Your assignment: Without including any image, repeat every record exactly.

= = = = = = =

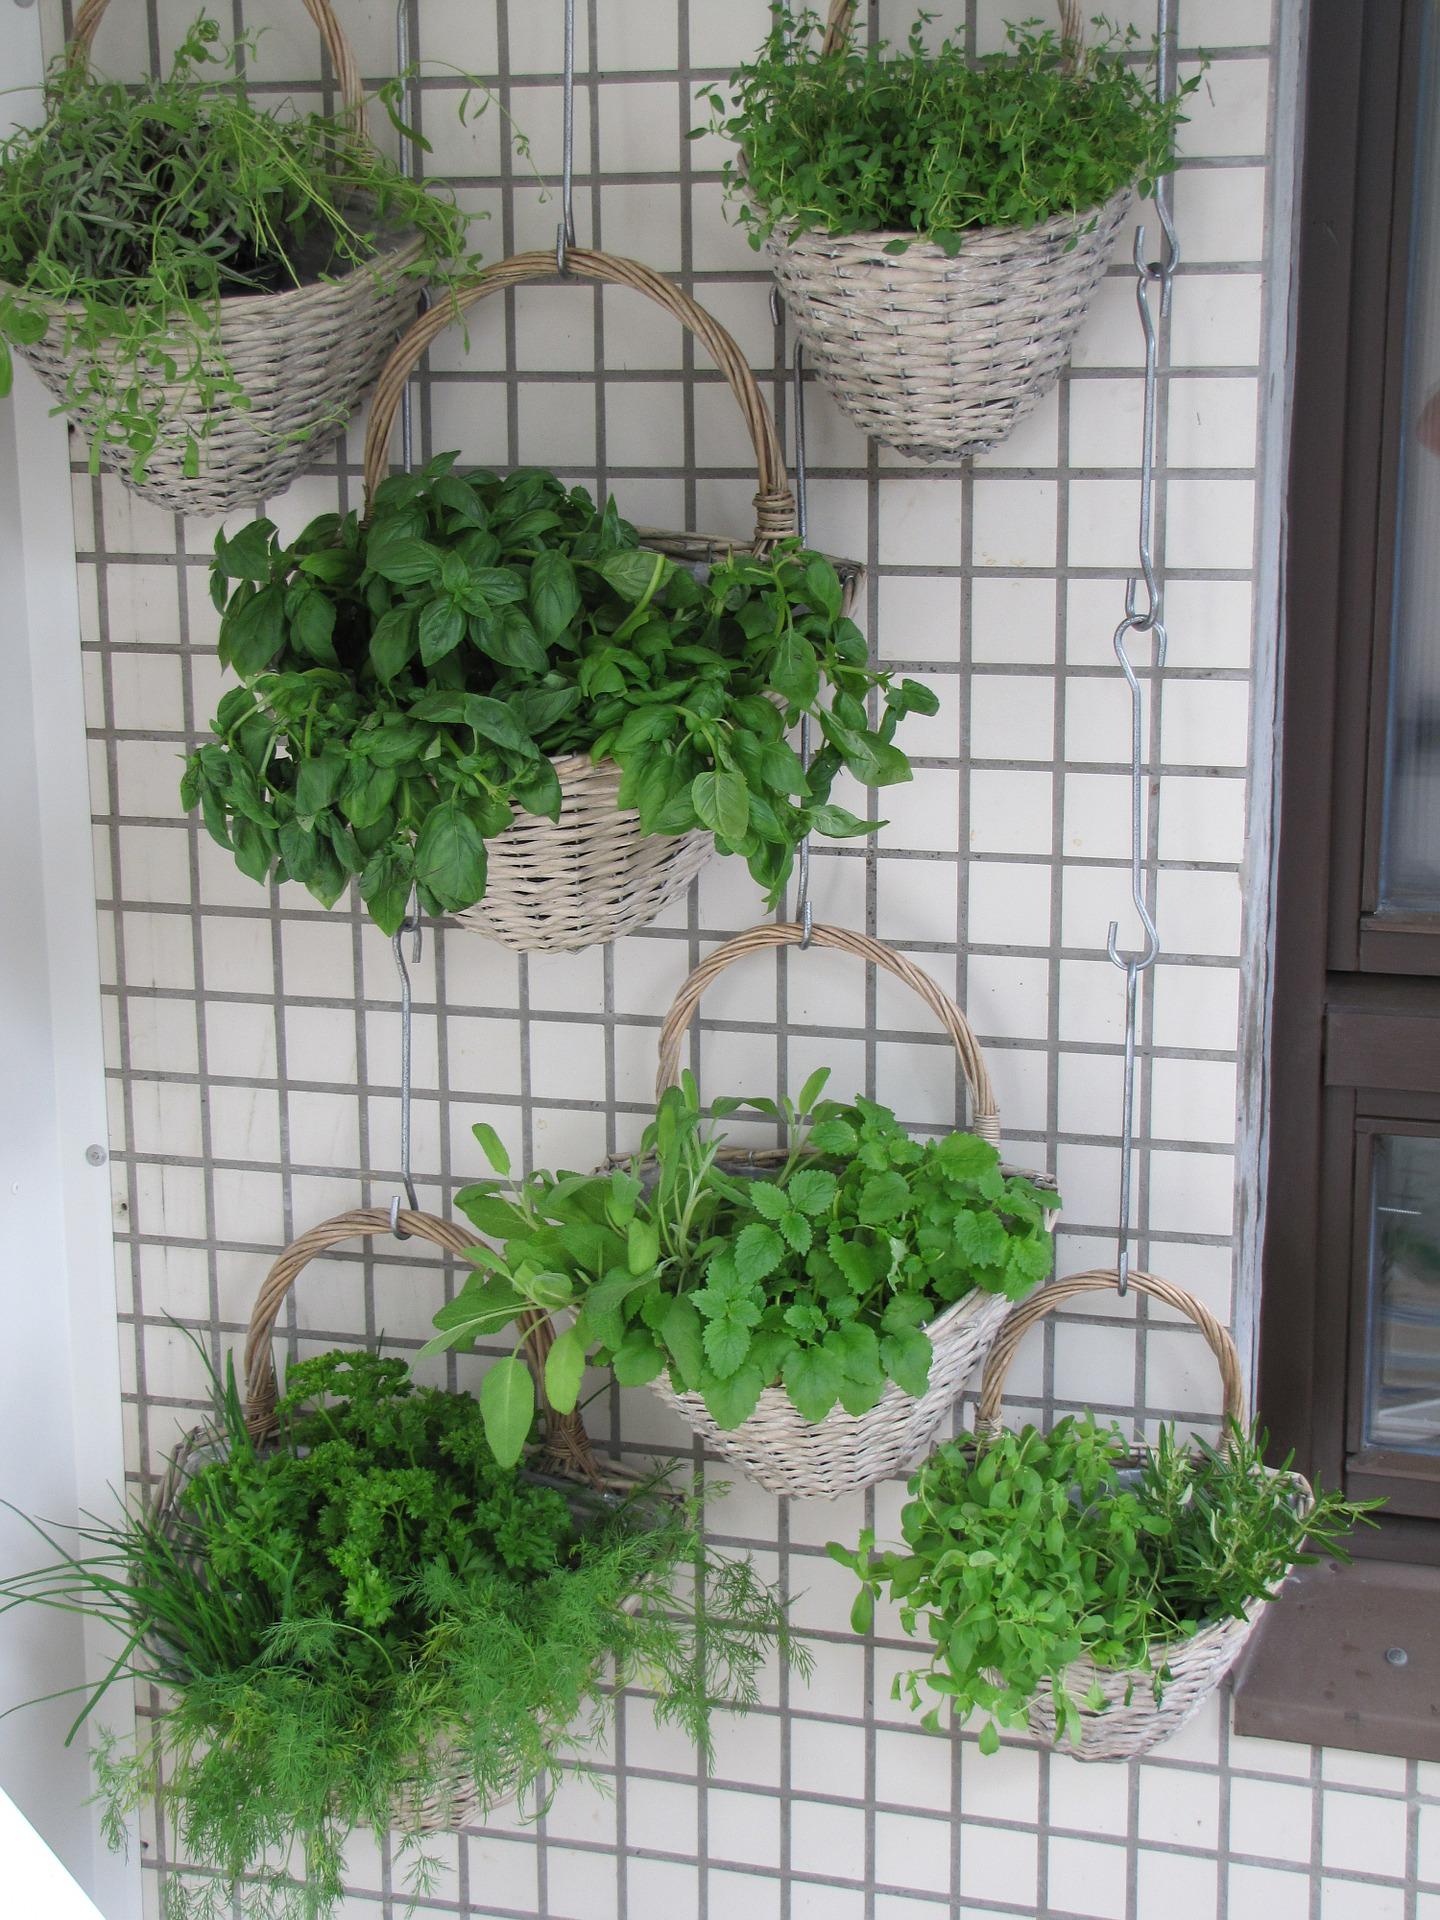 Садоводство, дача / ягоды,фрукты,овощи, зелень и травы;специ.
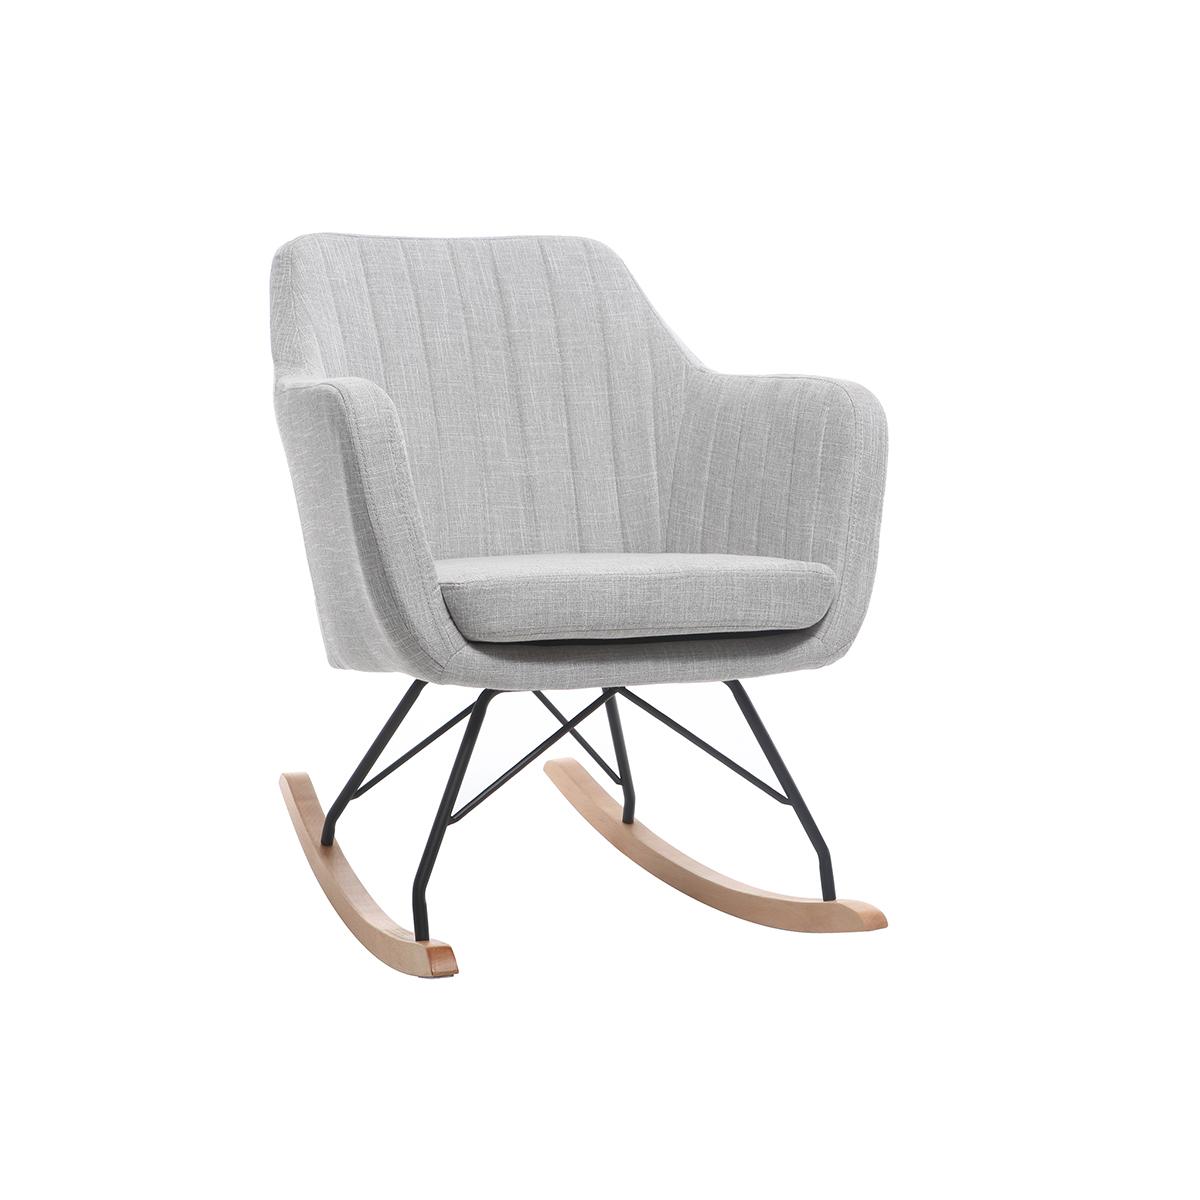 Poltrona - sedia a dondolo scandinava in tessuto Grigio chiaro ALEYNA
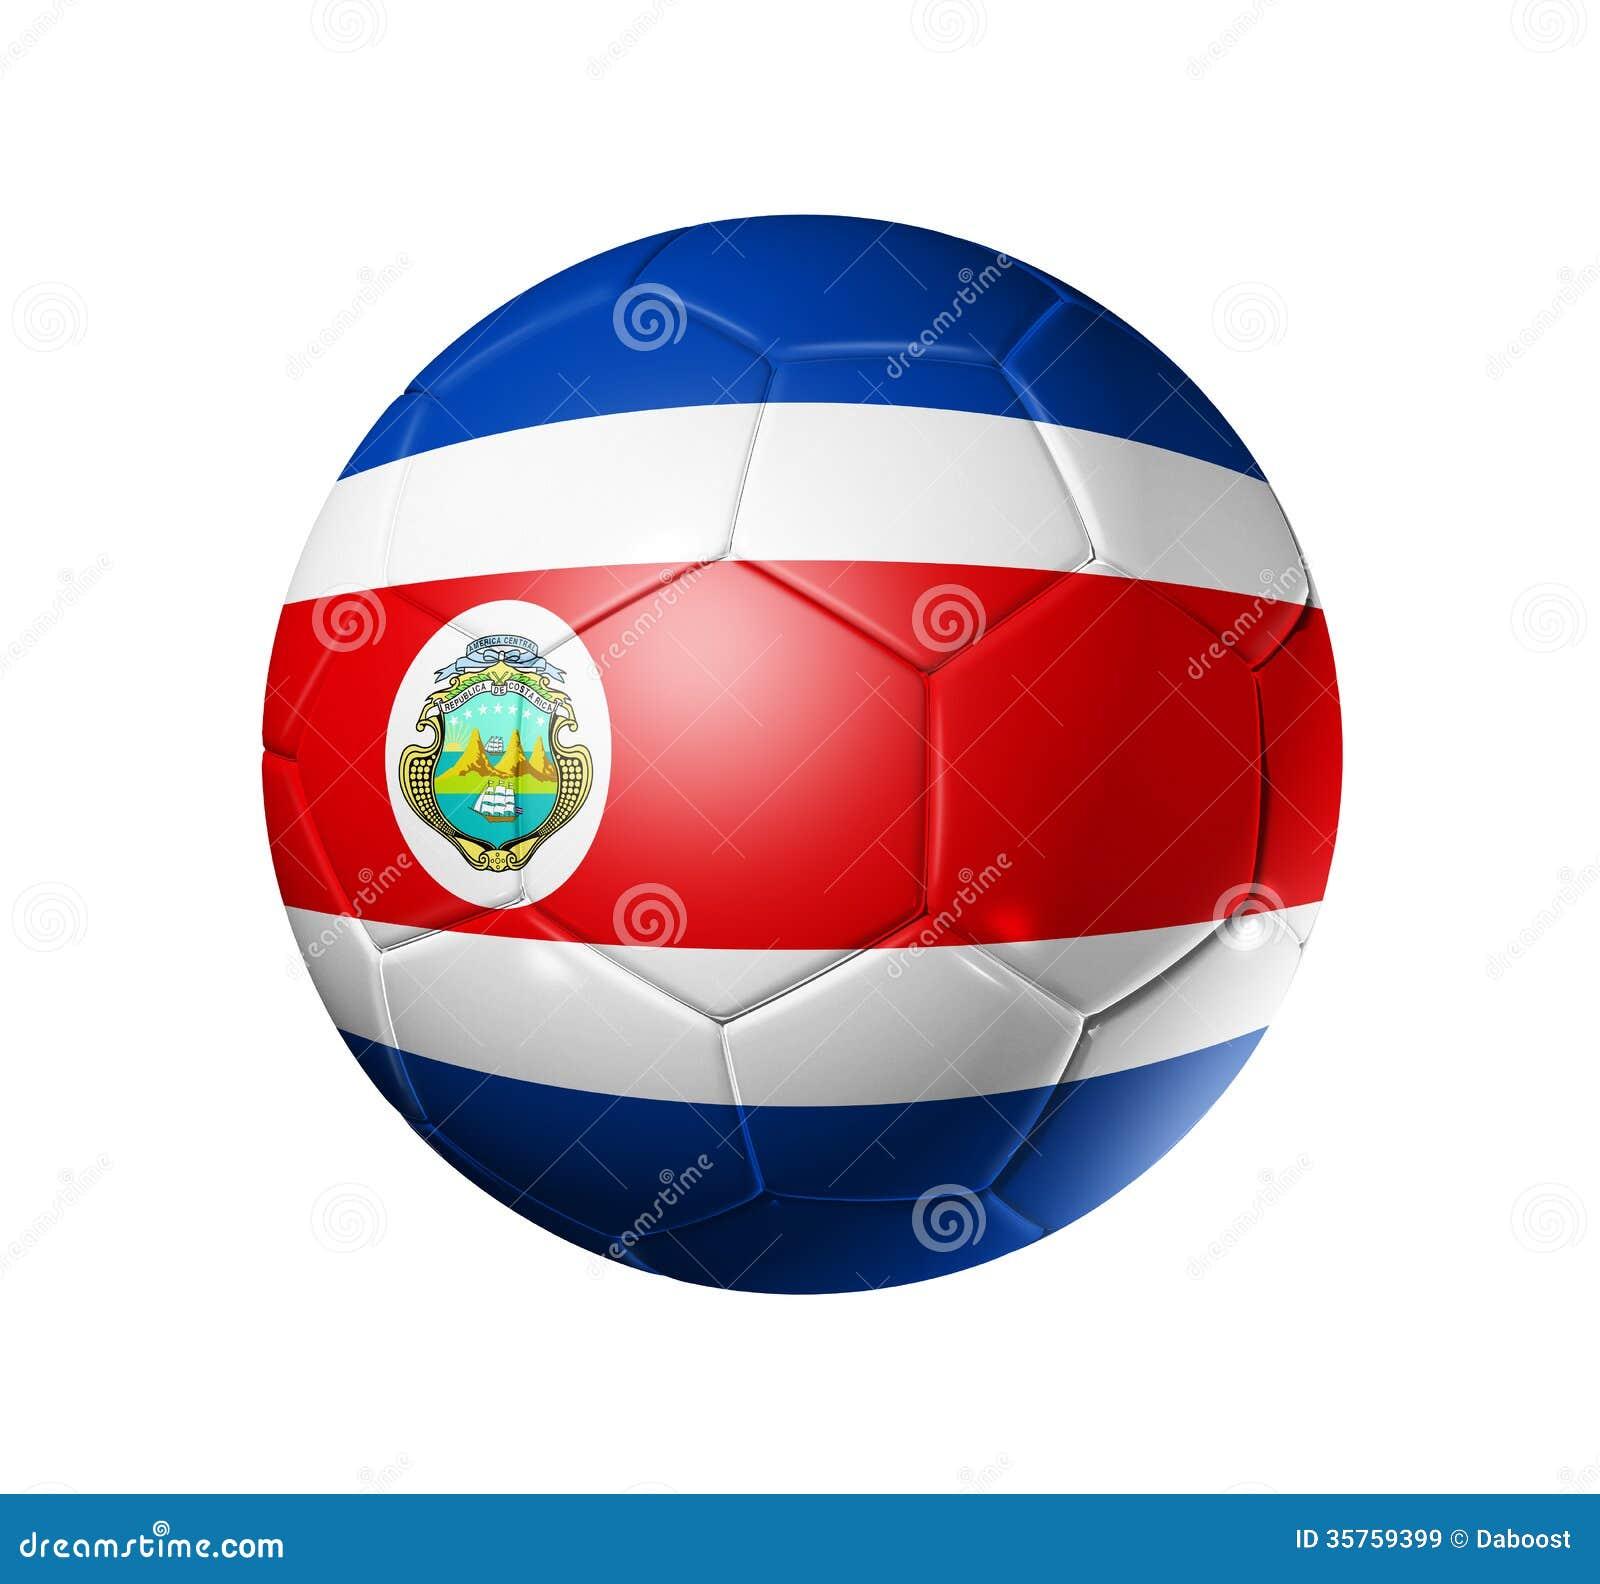 d5e463a9112af Balón de fútbol 3D con la bandera del equipo de Costa Rica. aislado en  blanco con la trayectoria de recortes
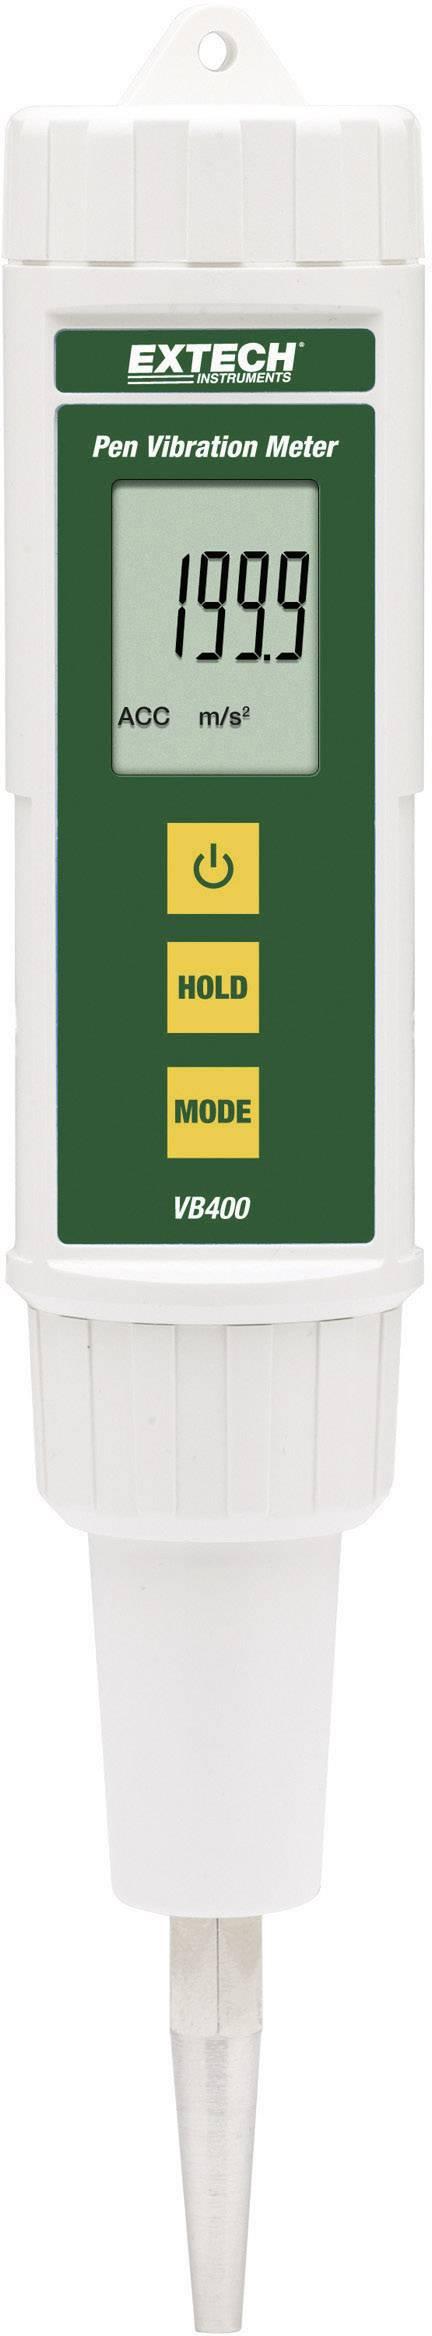 Přístroj k měření vibrací Extech VB400
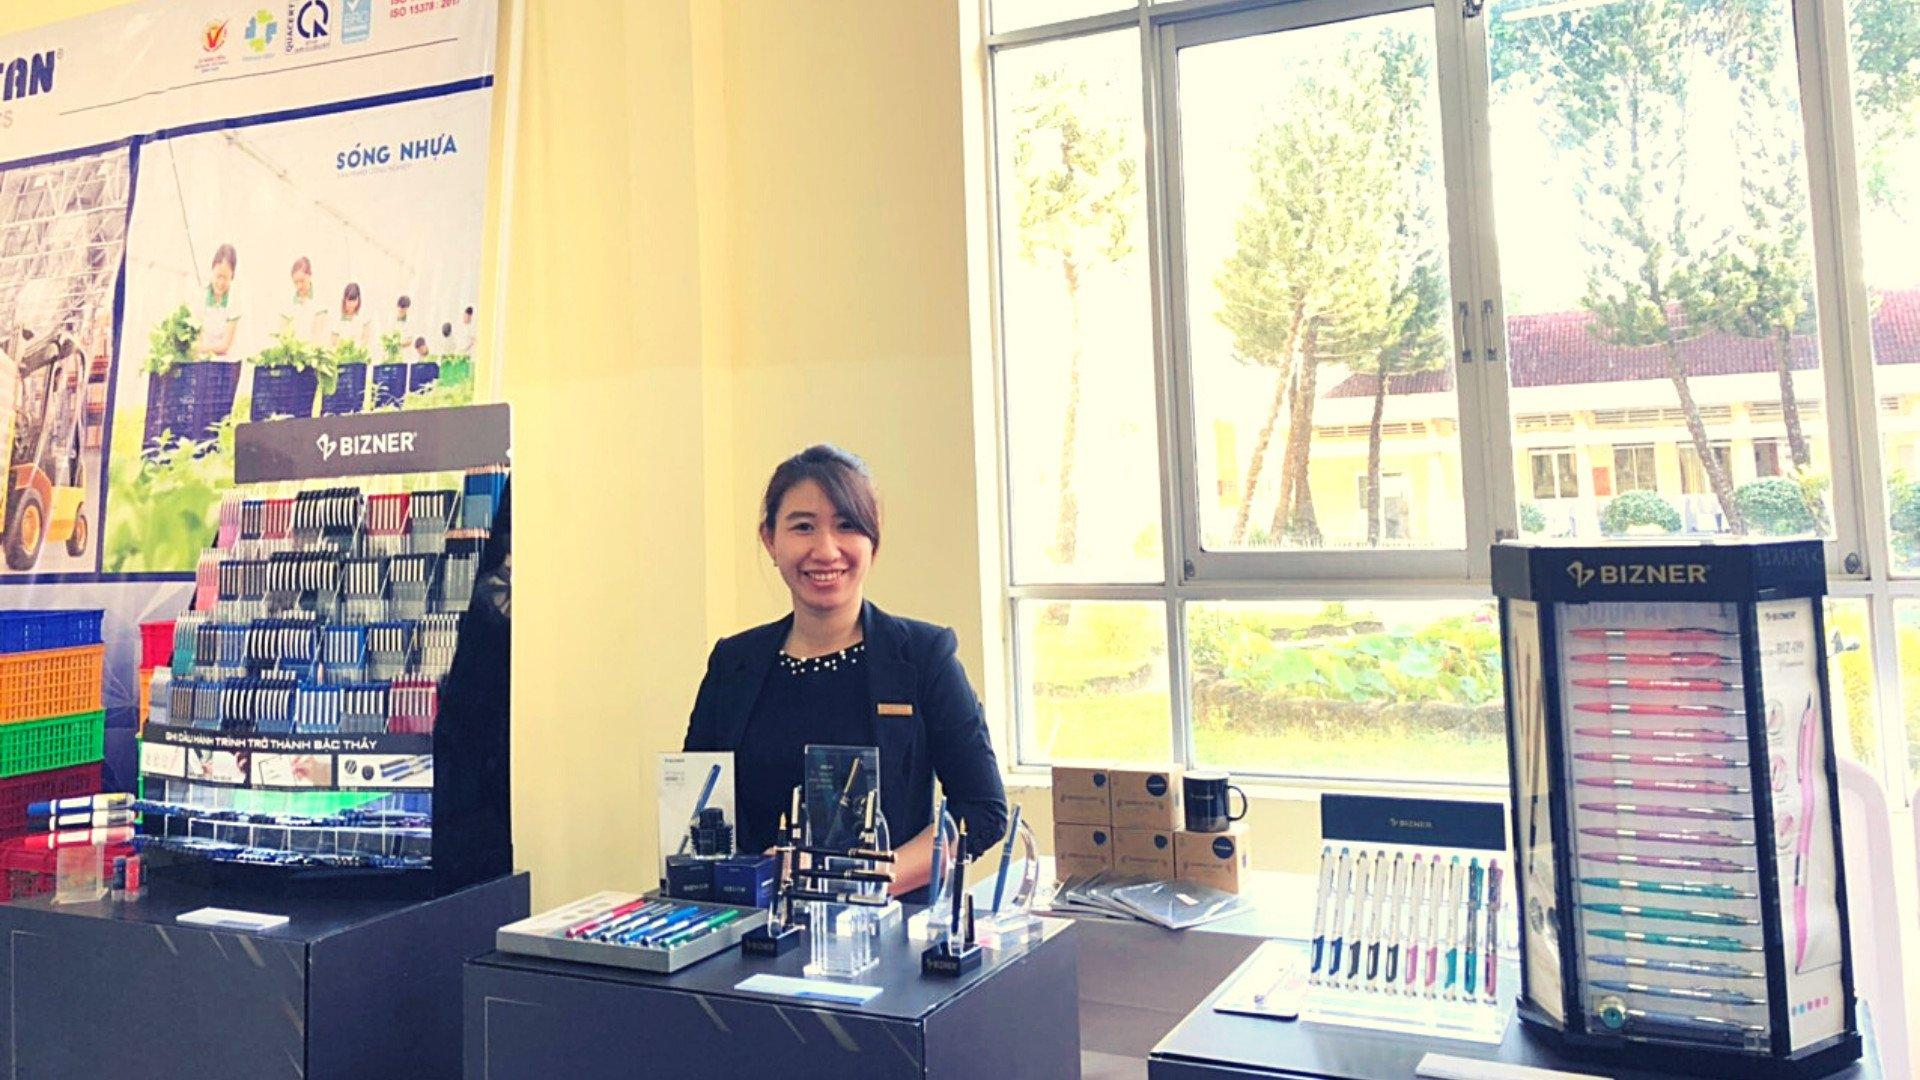 BIZNER giới thiệu nhiều sản phẩm mới, nổi bật tại diễn đàn Mekong Connect 2020

= = = = = = =

Task answer:
 Садоводство, дача / ягоды,фрукты,овощи, зелень и травы;специ.
 Poltrona - sedia a dondolo scandinava in tessuto Grigio chiaro ALEYNA
 d5e463a9112af Balón de fútbol 3D con la bandera del equipo de Costa Rica. aislado en  blanco con la trayectoria de recortes
 Přístroj k měření vibrací Extech VB400
 BIZNER giới thiệu nhiều sản phẩm mới, nổi bật tại diễn đàn Mekong Connect 2020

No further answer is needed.